The Mexican government has agreed to accept the rapid return of migrants from those nations at the border under an agreement reached with the Trump administration last month.

The recent expulsions include children who would otherwise be protected from rapid removal by U.S. anti-trafficking laws. Since the emergency order took effect last month, the United States has expelled nearly 400 underage migrants, according to the most recent tally by Reuters. The minors were released into Mexico or boarded onto planes and flown to Central America without being transferred to the care of the U.S. Department of Health and Human Services for their safety, as would be typical.

In a letter Wednesday to acting Homeland Security secretary Chad Wolf, Sen. Patrick J. Leahy (D-Vt.) and other Democrats on the Senate Judiciary Committee said the Trump administration’s use of a 1944 health emergency law to suspend due process at the border is not legal.

“Contrary to existing law, individuals, families, and children are now unable to sufficiently make claims for asylum, seek other forms of humanitarian protection, and, in some instances, are being expelled to countries in which they fear persecution,” the senators wrote.

“DHS has essentially determined that executive branch officials can all but ignore the long-standing federal laws pursuant to an executive branch interpretation of a law enacted in 1944,” they said. “This amounts to a startling expansion of executive power under the guise of a global pandemic response.”

The falling number of migrants in CBP custody has led to sharp drop in the number of migrants transferred to the network of U.S. Immigration and Customs Enforcement jails around the country. The number of detainees in ICE facilities — where fears of a major outbreak remain high — has dropped to about 34,000 nationwide, according to the latest figures. That is the lowest number for the ICE jail population since 2016.

ICE has had 37 confirmed cases of the coronavirus among detainees in its custody. Sixteen of the cases have been in facilities in New Jersey, and nine have been discovered in the Otay Mesa Detention Center in San Diego. Cases also have been confirmed at ICE facilities in Arizona, Louisiana, Pennsylvania, Michigan and Florida.

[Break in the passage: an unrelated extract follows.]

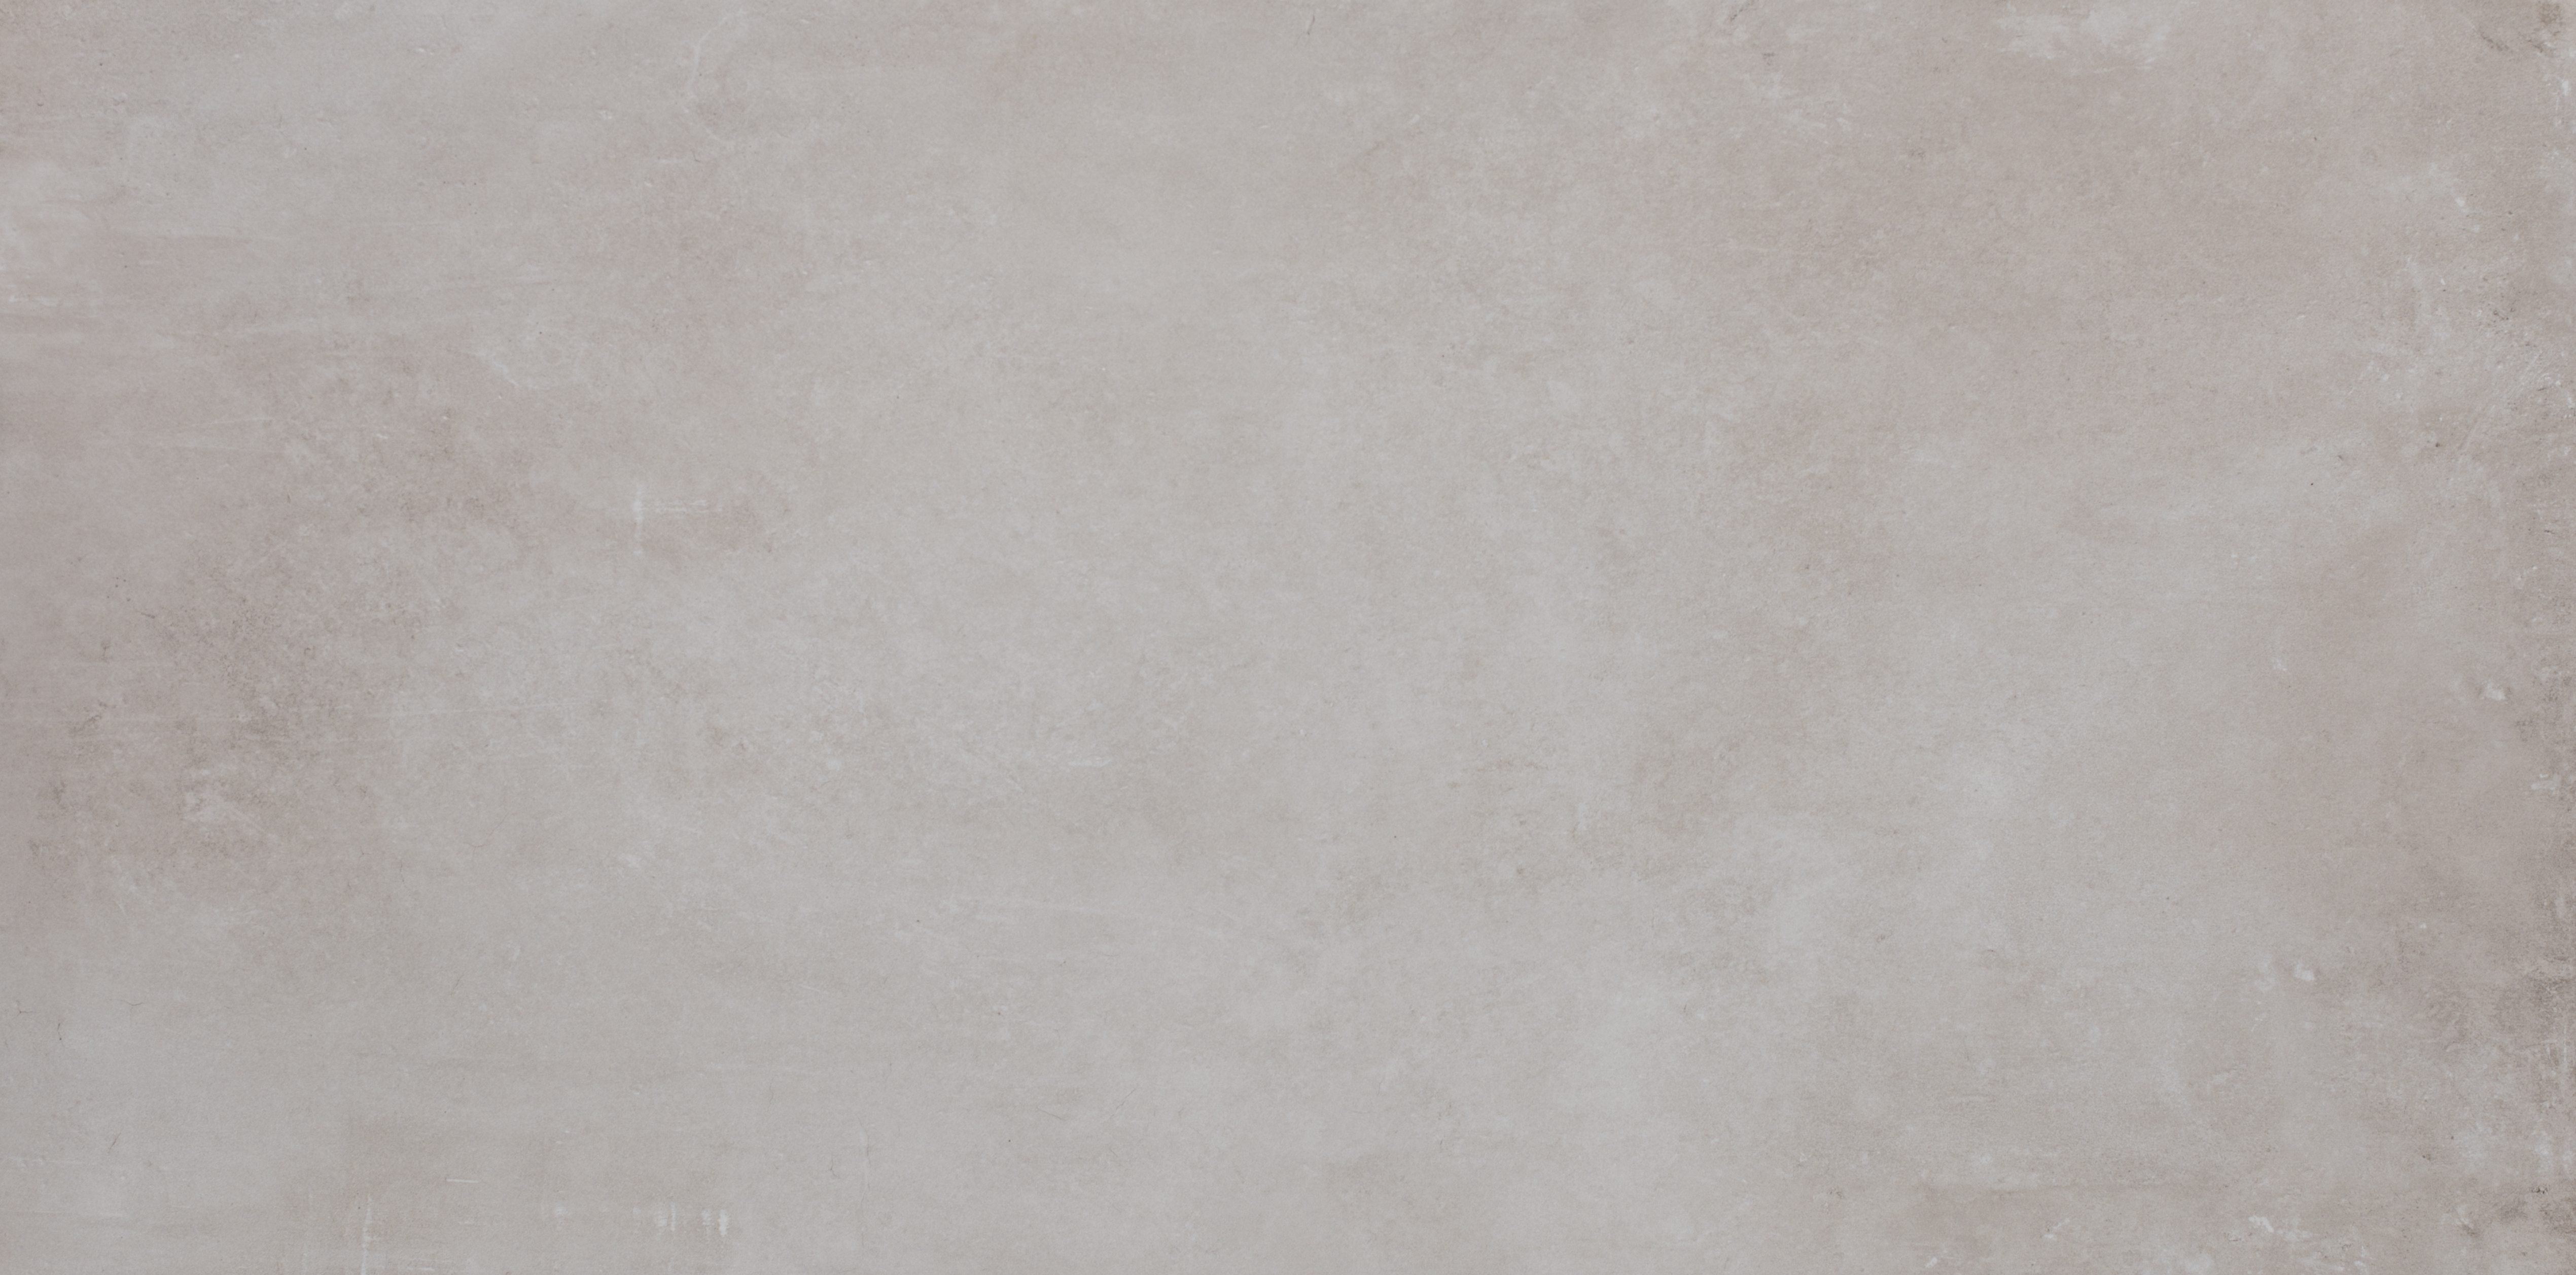 Bodenfliese Titan Beige Matt 60x120cm Feinsteinzeug - Bodenfliesen ... Bodenfliese Beige Matt

ICE officials have asked field office directors to review whether there are detainees over 60 who have certain health conditions that put them at higher risk of infection so they can evaluate potential release, according to ICE guidance distributed Saturday and filed as part of a legal case in the U.S. District Court for the District of Columbia. “The fact that an alien is potentially higher-risk for serious illness from COVID-19, may form the basis for a determination that ‘continued detention is not in the public interest,’ ” and could justify release, the guidance says.

Severe overcrowding in CBP facilities last year led the agency to hold tens of thousands of migrants in tent facilities and chain-link enclosures, releasing many into the interior of the United States under procedures Trump decries as “catch and release.”

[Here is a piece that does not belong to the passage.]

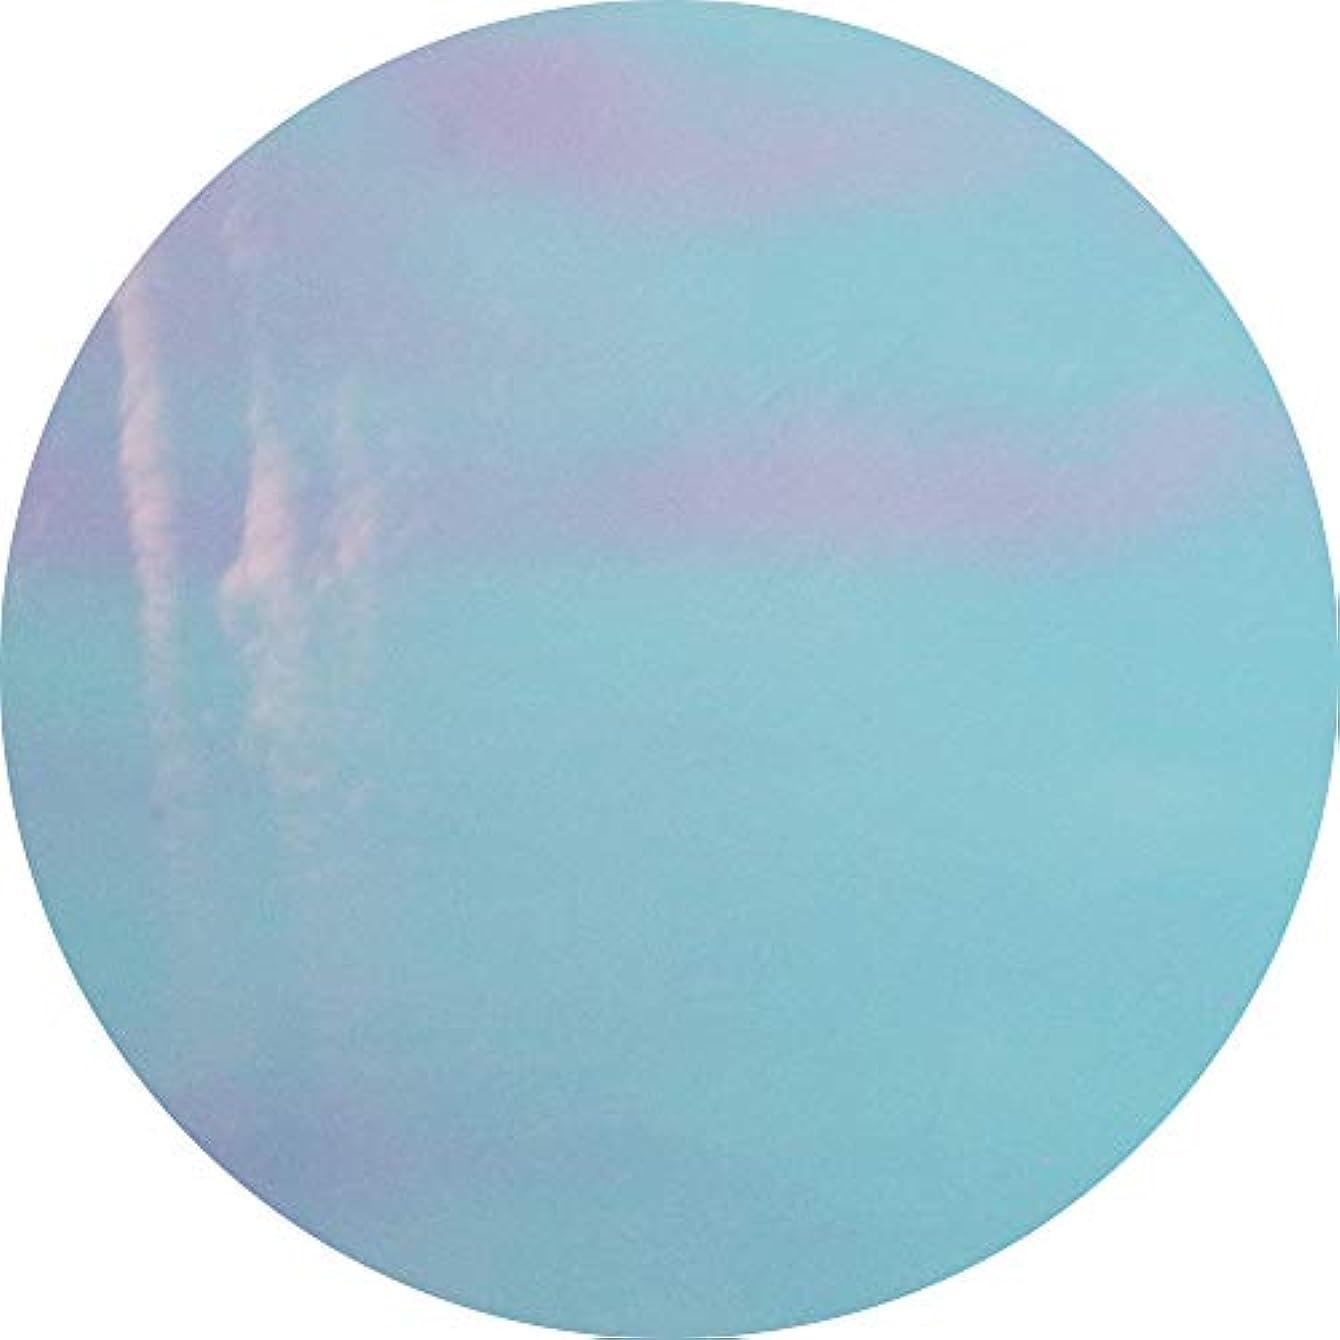 軽湿気の多い優しいMATIERE(マティエール) オーロラフィルム 偏光ブルー

The average amount of time it takes agents to expel border-crossers to Mexico under the emergency protocols is 96 minutes. The agents record migrants’ personal data and biometric info, and then load them into vans for rapid return to the nearest border crossing. No medical exams are performed unless the person is in distress.

Morgan said migrants who state a fear of harm if sent back to Mexico are considered for an exemption from the public health order on “a case-by-case basis.” According to an internal memo obtained by ProPublica, border agents need the approval of supervisors to consider such an exemption.

Spencer S. Hsu contributed to this report.